DCGI approves use of AstraZeneca’s drug for patients with high-risk early breast cancer

DCGI approves use of AstraZeneca’s drug for patients with high-risk early breast cancer


AstraZeneca India, a biopharmaceutical company, on Friday said that it had received the Drugs Controller General of India (DCGI) approval to market its drug Lynparza (Olaparib) as a monotherapy for the adjuvant treatment of adult patients with BRCA-mutated HER2- negative high-risk early breast cancer.

The use will be restricted to patients who have previously been treated with neoadjuvant or adjuvant chemotherapy. It is also approved for use in the United States, European Union, Japan, and other countries.

“We are constantly pushing the boundaries of science to change the practice of medicine and transform the lives of patients living with cancer.
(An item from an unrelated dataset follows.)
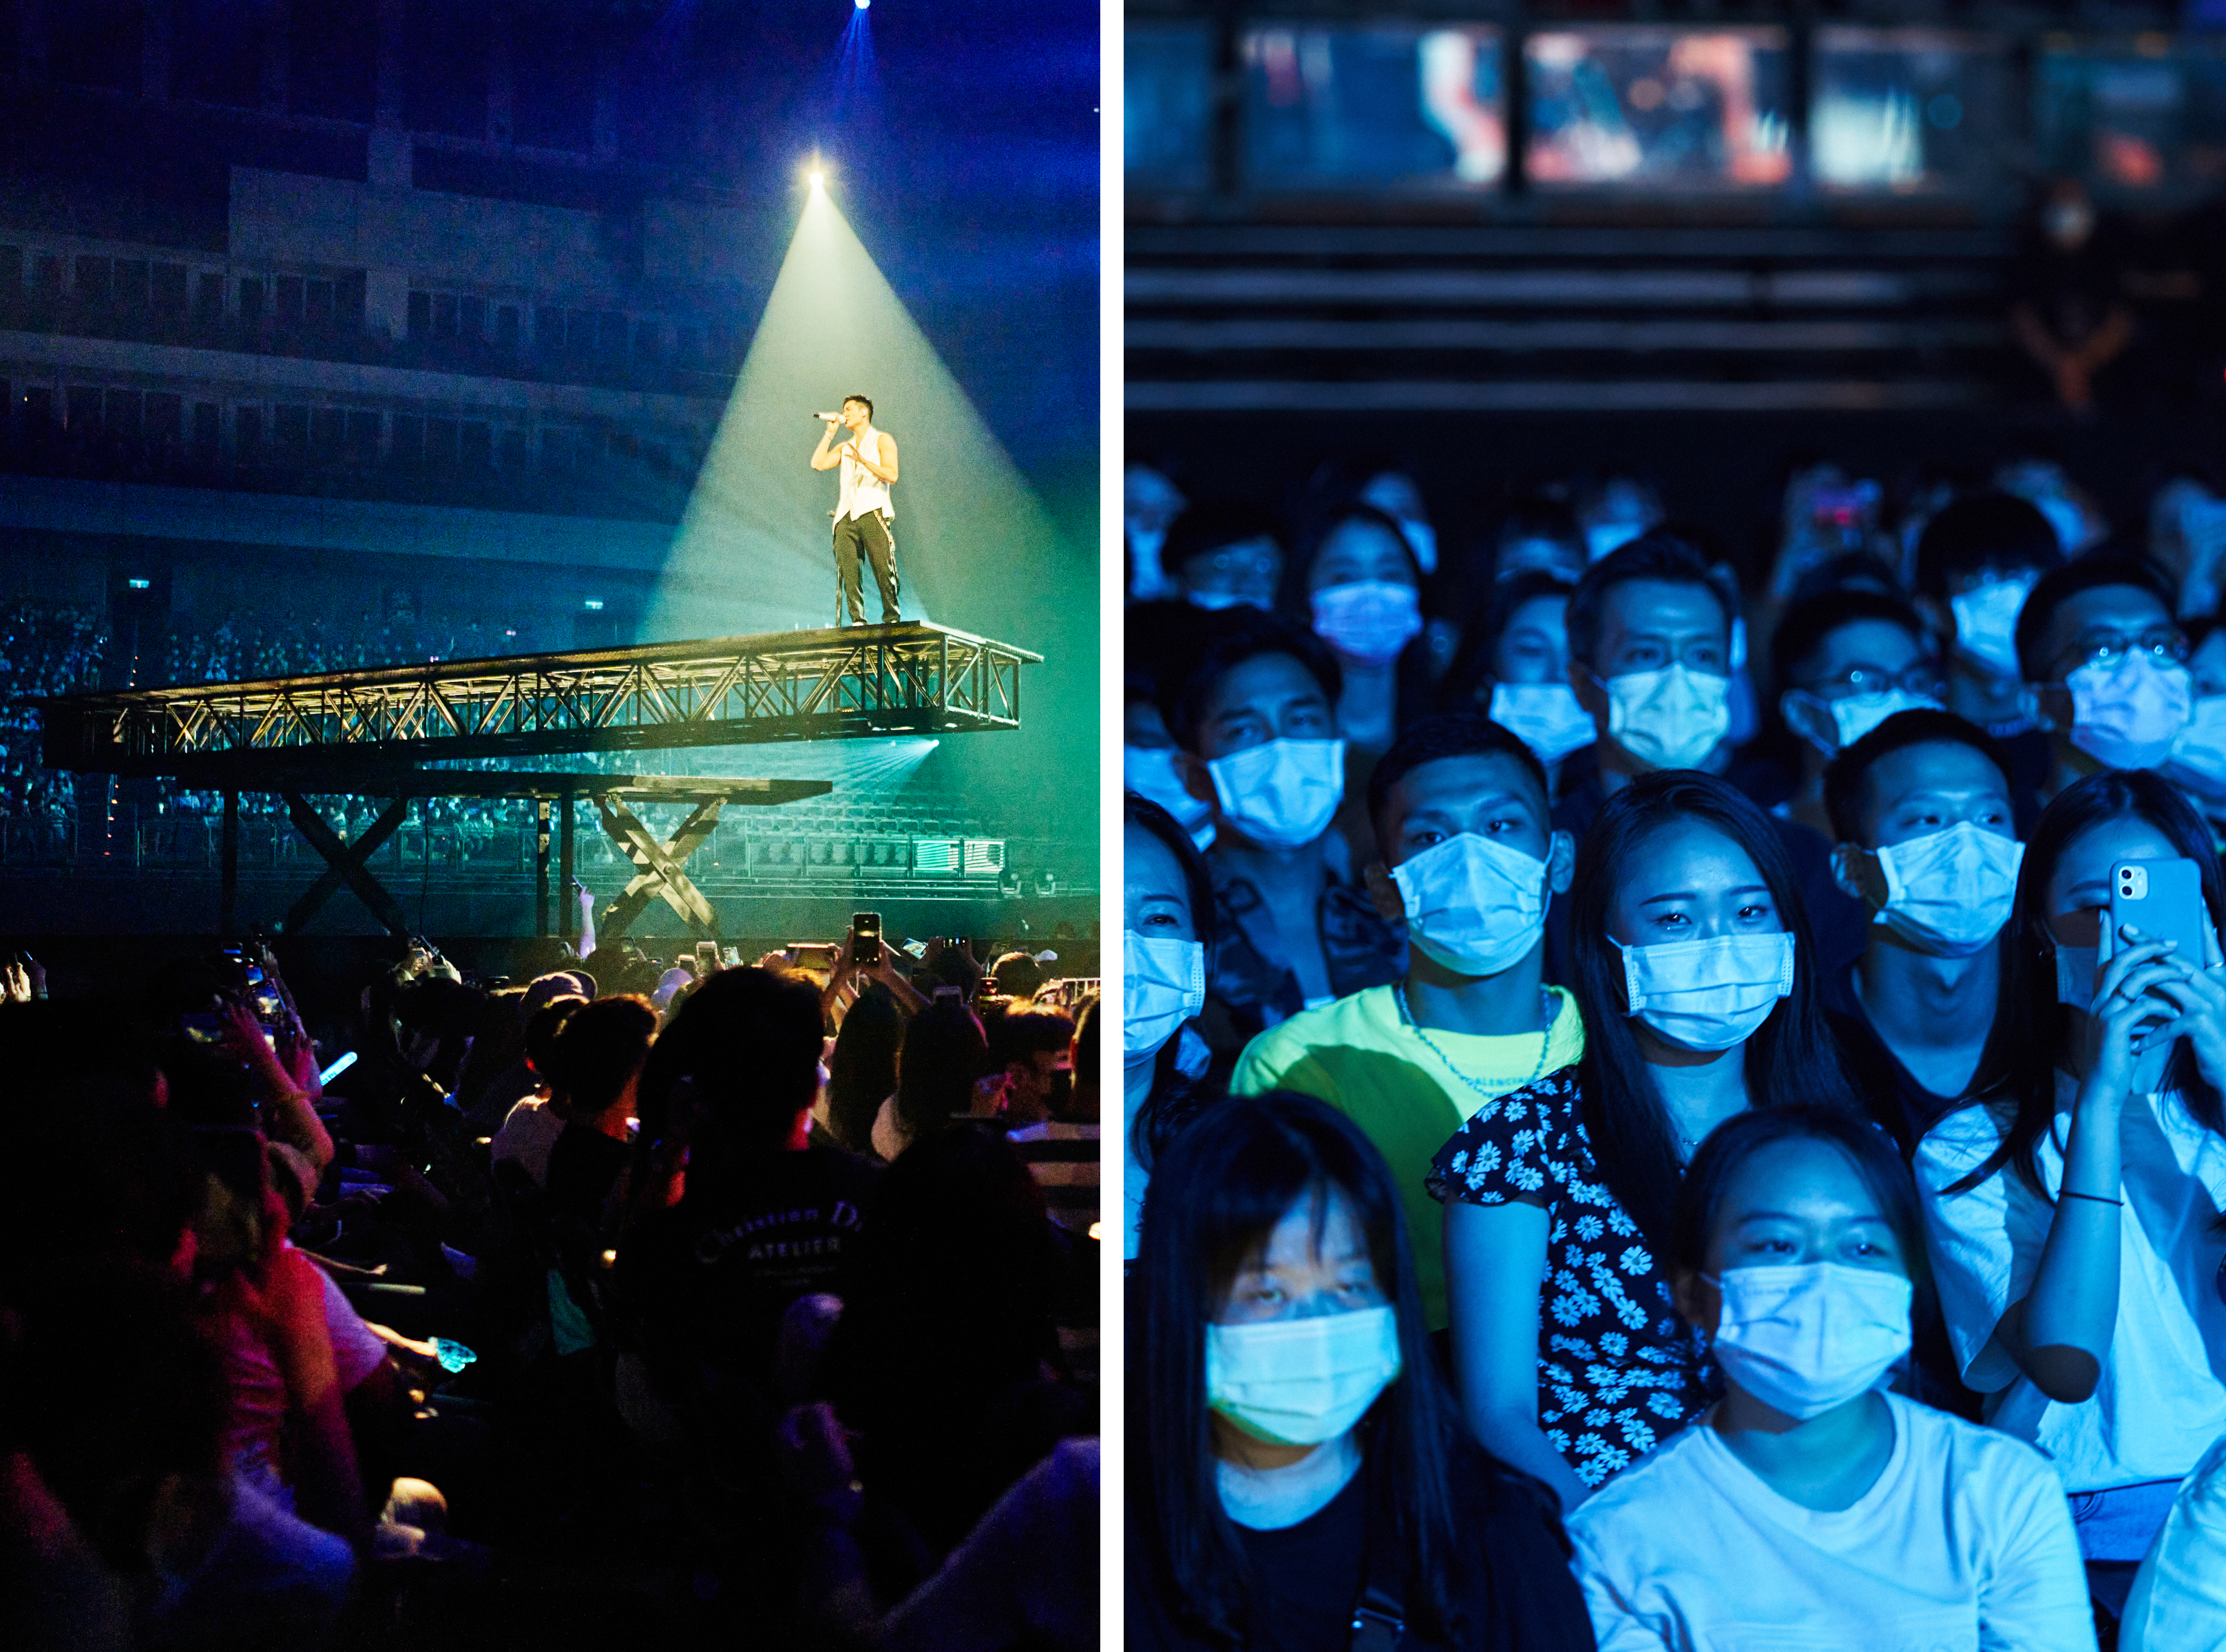 Left: Chou sings on an extended platform that rotated above concertgoers. Right: Attendees watch the live show from their seats, in masks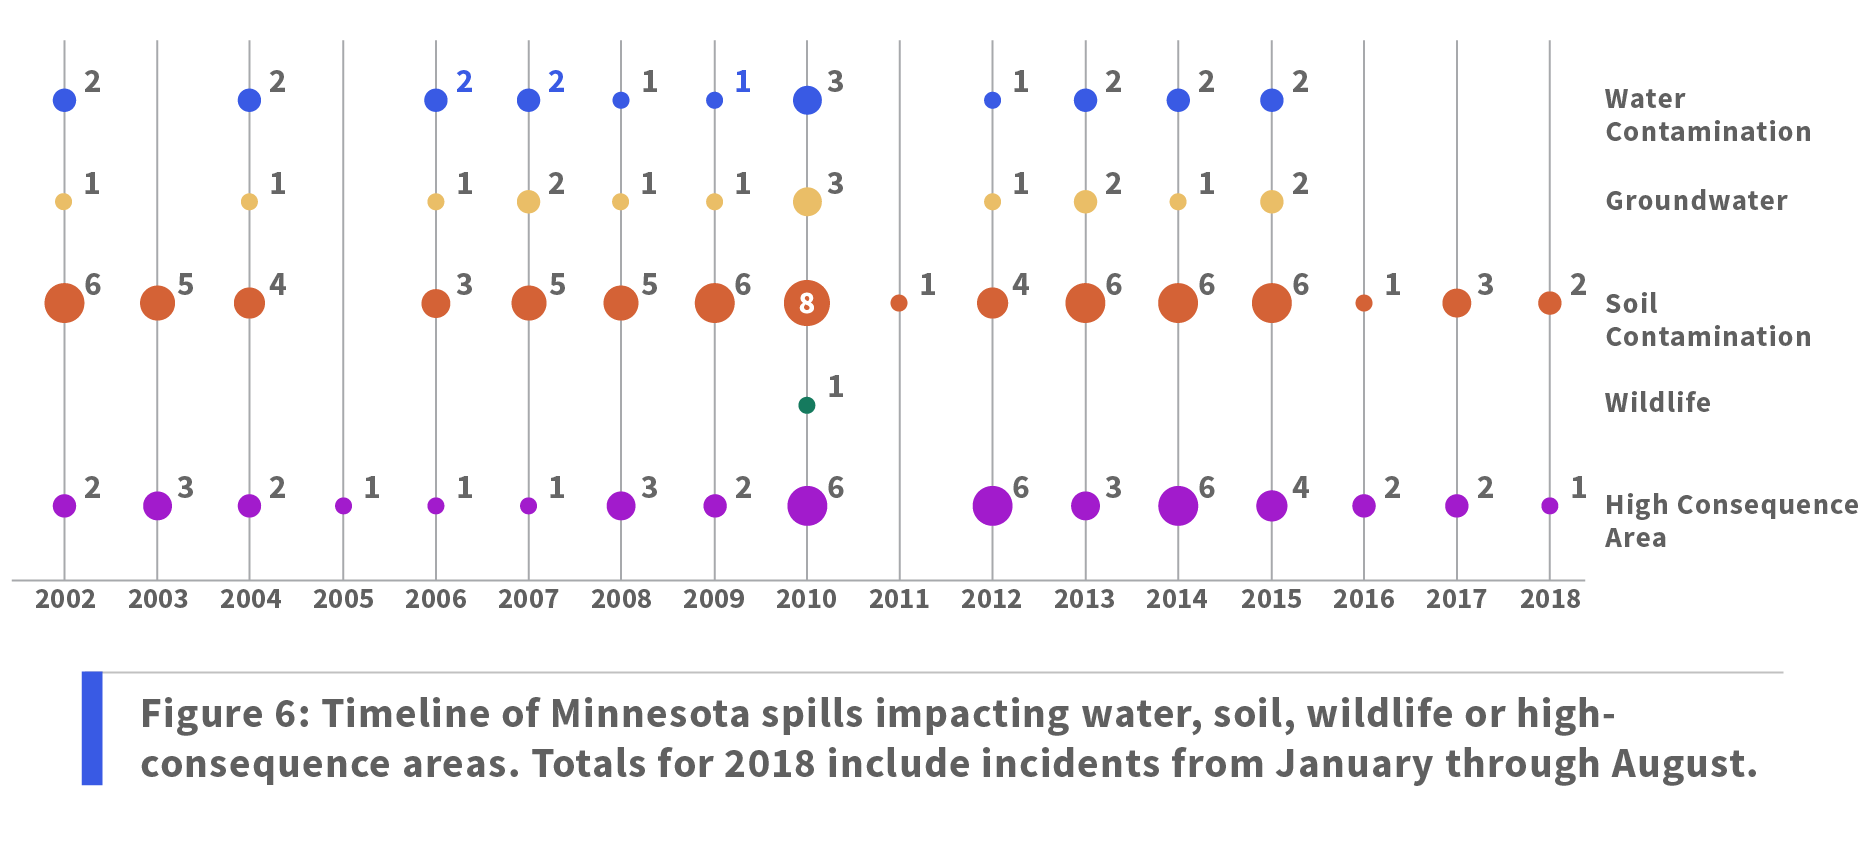 Figure 6: Timeline of Minnesota spills impacting water, soil, wildlife or high-consequence areas. Totals for 2018 include incidents from January through August.

The regulatory approval of Lynparza, the first and only drug targeting BRCA mutations in early breast cancer, reinforces our growing capabilities in innovation and clinical research for providing holistic solutions for cancer treatment in India,” said Gagandeep Singh, Managing Director and Country President, AstraZeneca India.

Meaningful improvement

The approval was based on results from the OlympiA Phase III trial, which suggested that Olaparib demonstrated a statistically significant and clinically meaningful improvement, with an overall survival benefit.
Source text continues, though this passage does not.